:: Provided material ::
● ● ● ●
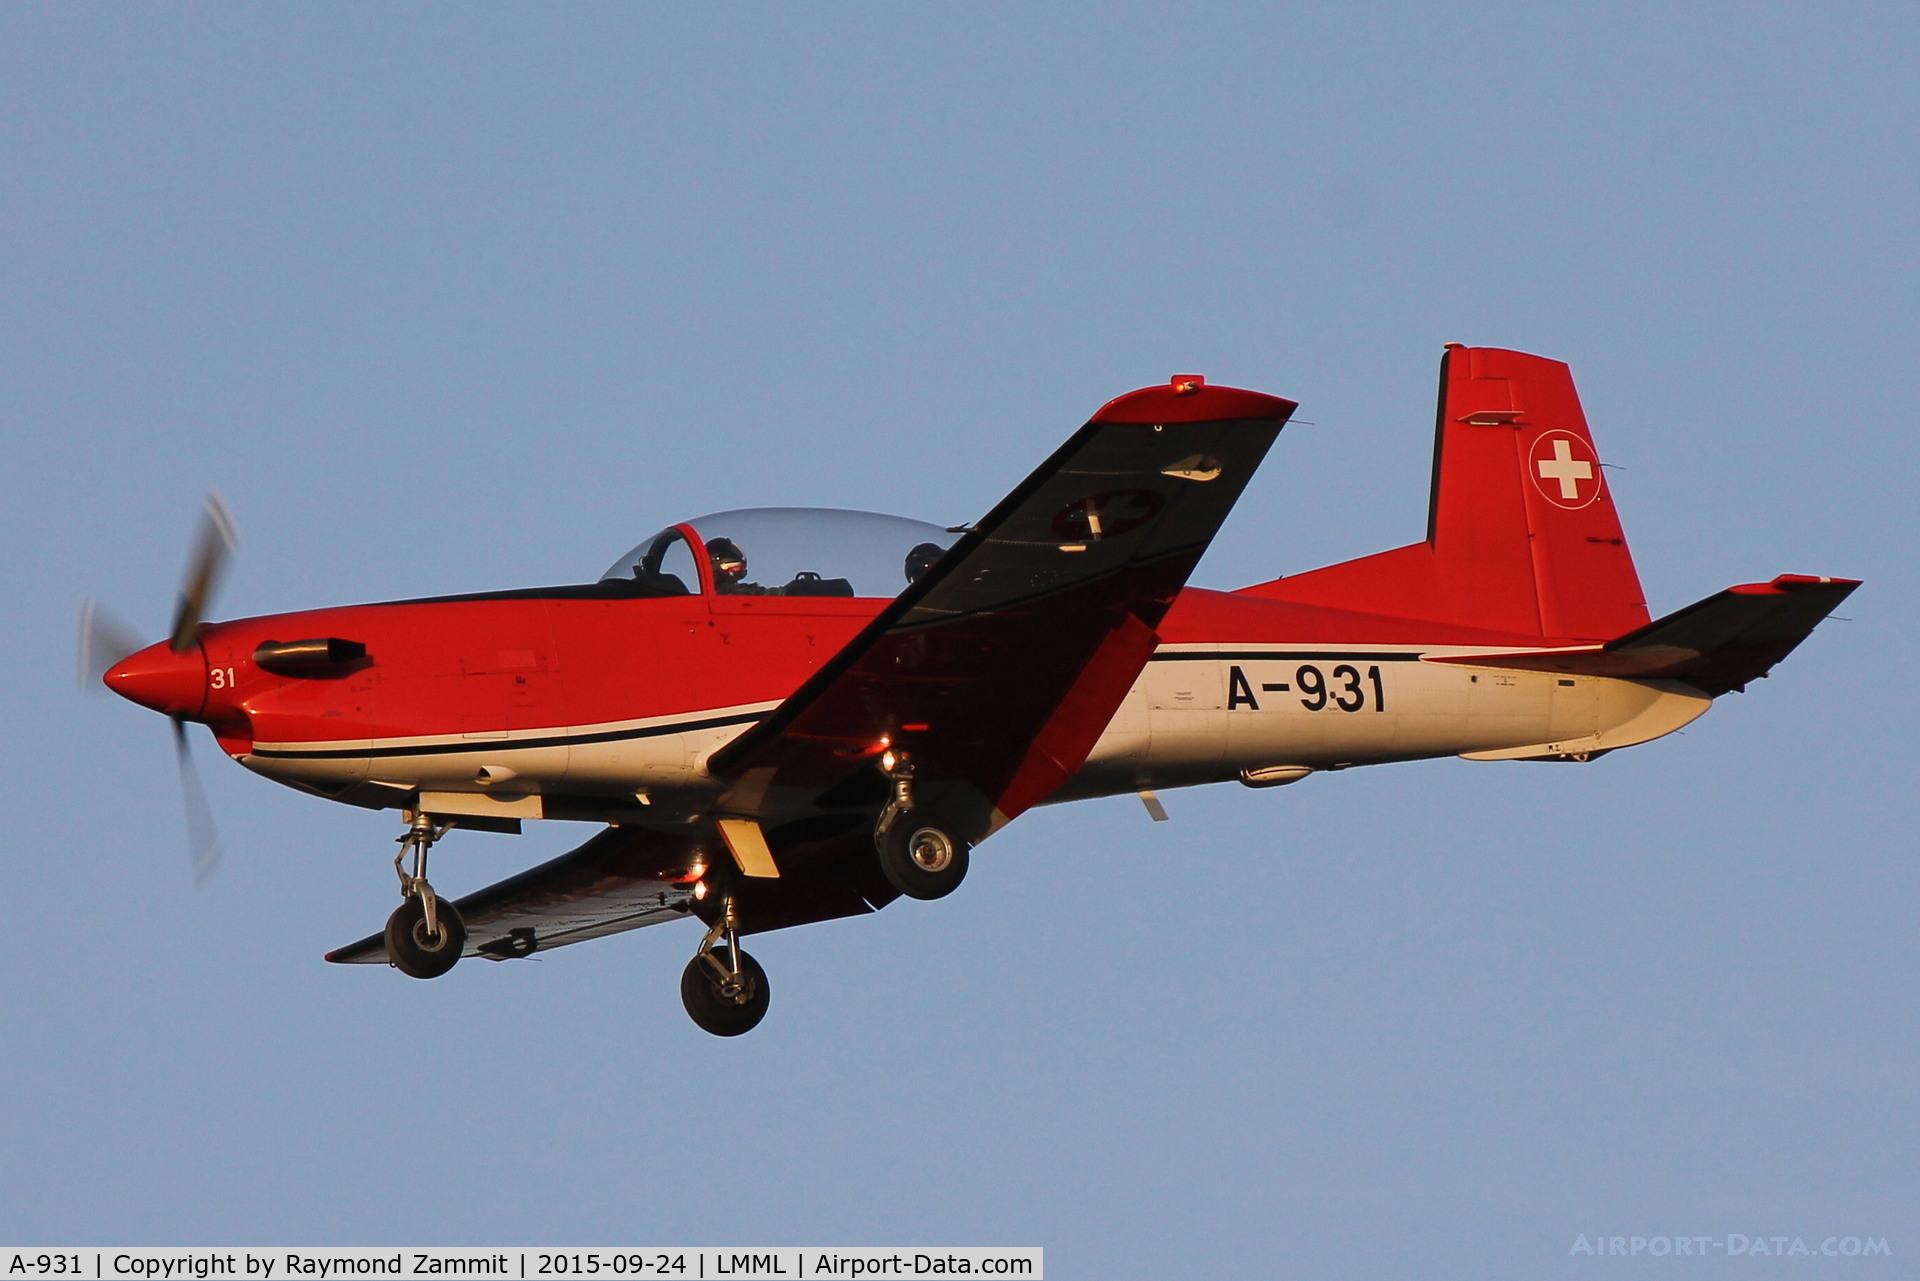 A-931, 1983 Pilatus PC-7 Turbo Trainer C/N 339, Pilatus PC-7 A-931 Swiss Air Force
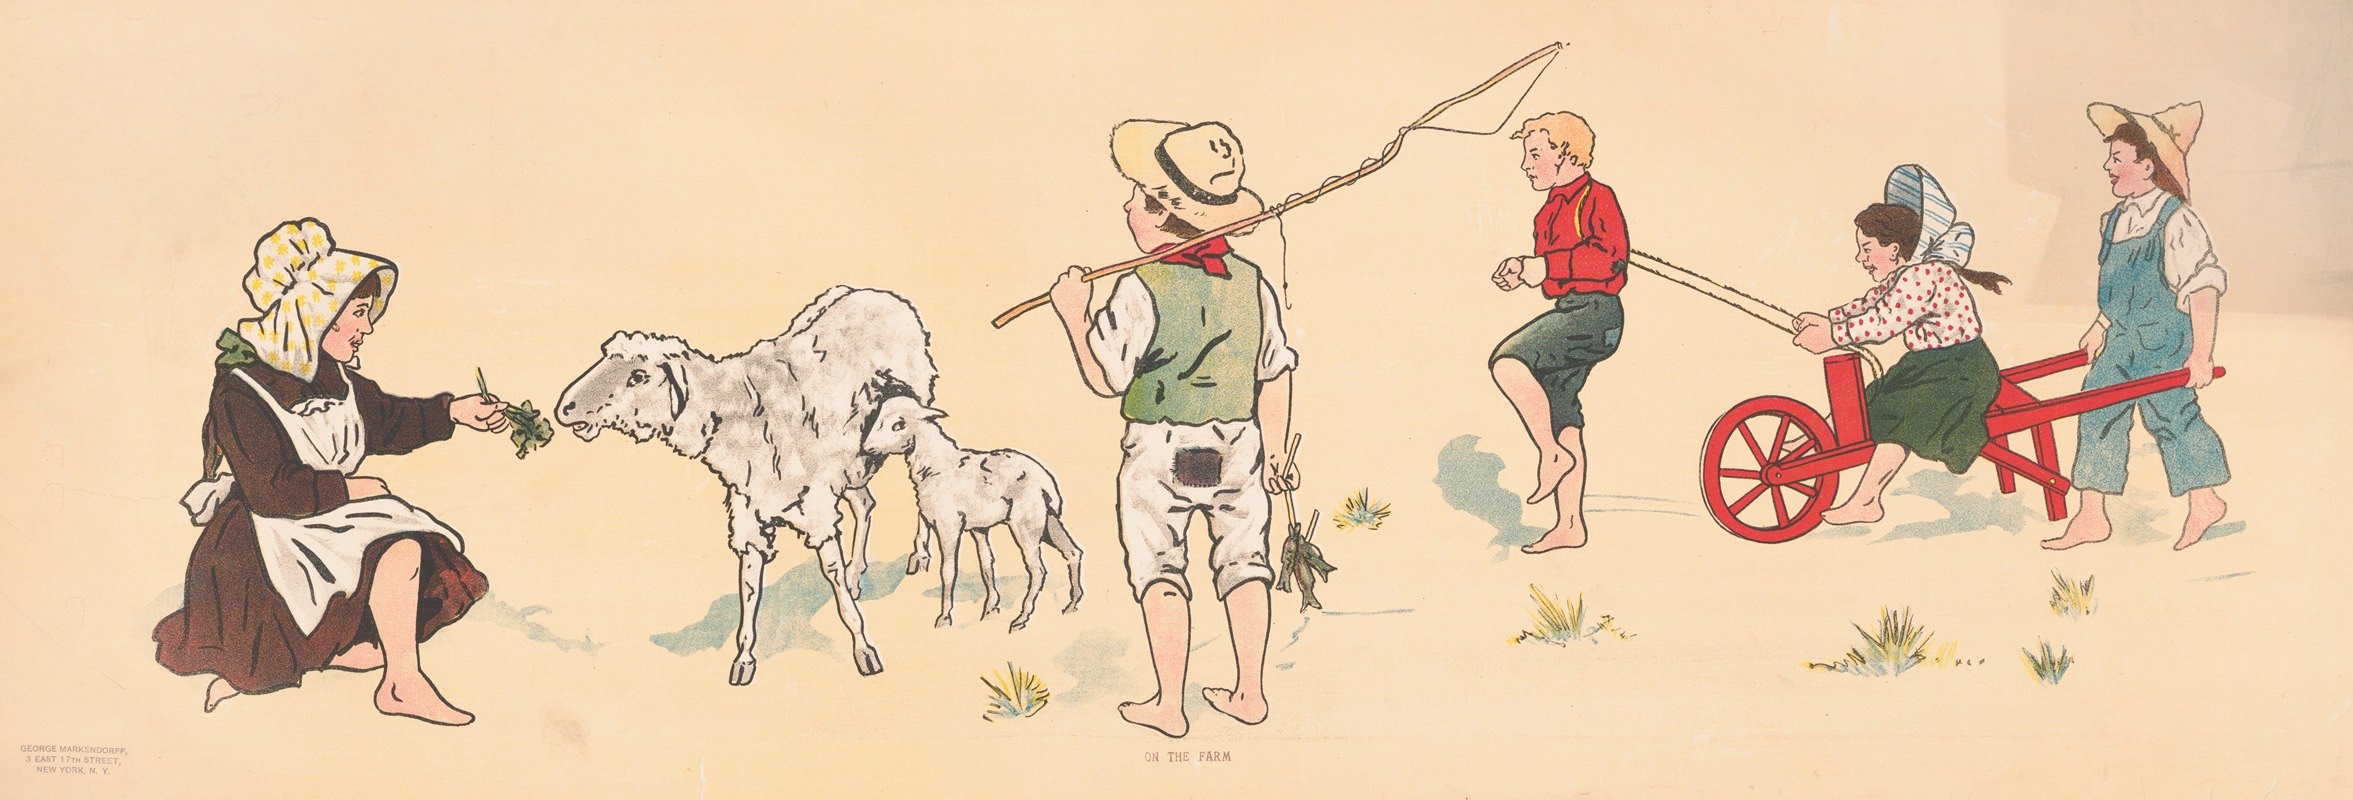 在农场`On the farm (1908) by George Markendorff
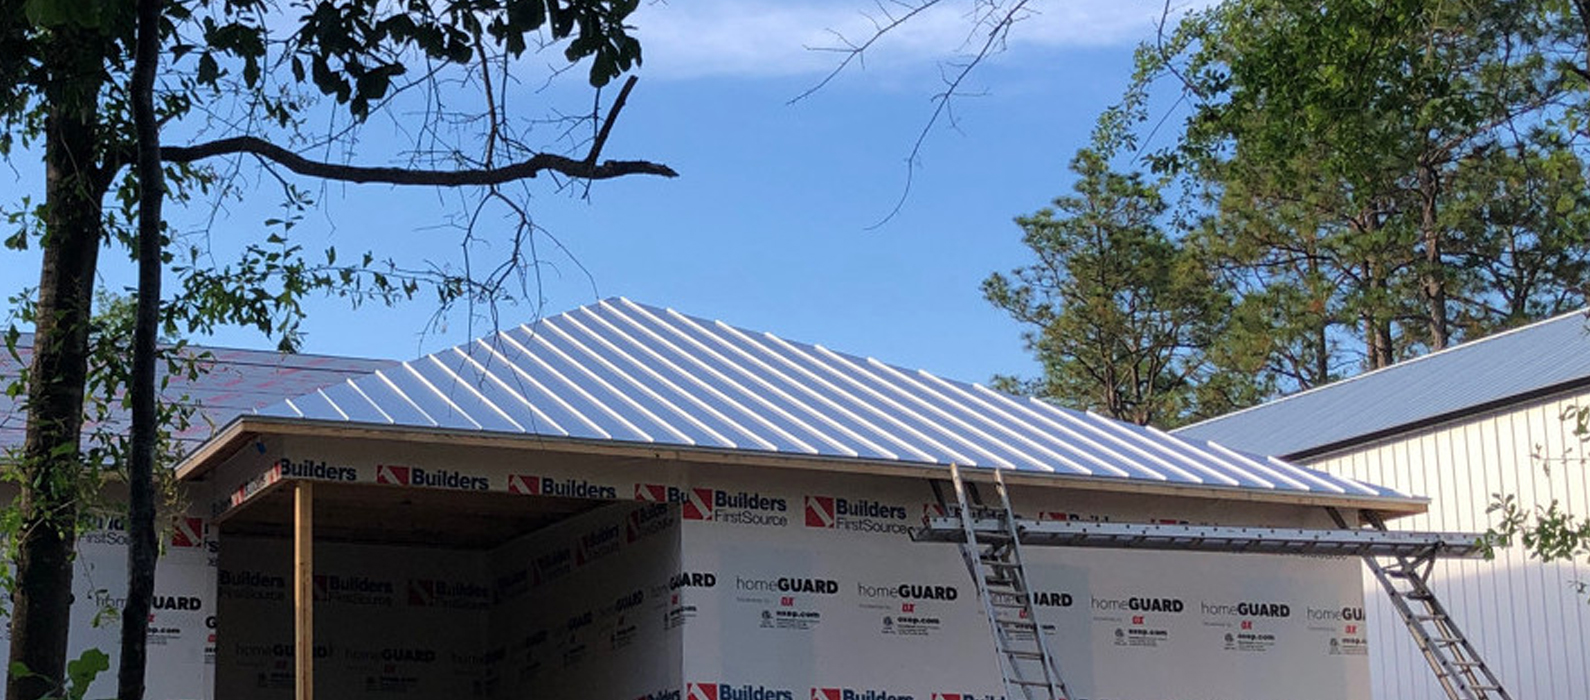 Rennison Roofing metal roof install in progress
● ● ● ●
:: What is being asked ::
Without the pictures, write out all of the material exactly.

:: Response to the exercise ::
 A-931, 1983 Pilatus PC-7 Turbo Trainer C/N 339, Pilatus PC-7 A-931 Swiss Air Force
 在农场`On the farm (1908) by George Markendorff
 Rennison Roofing metal roof install in progress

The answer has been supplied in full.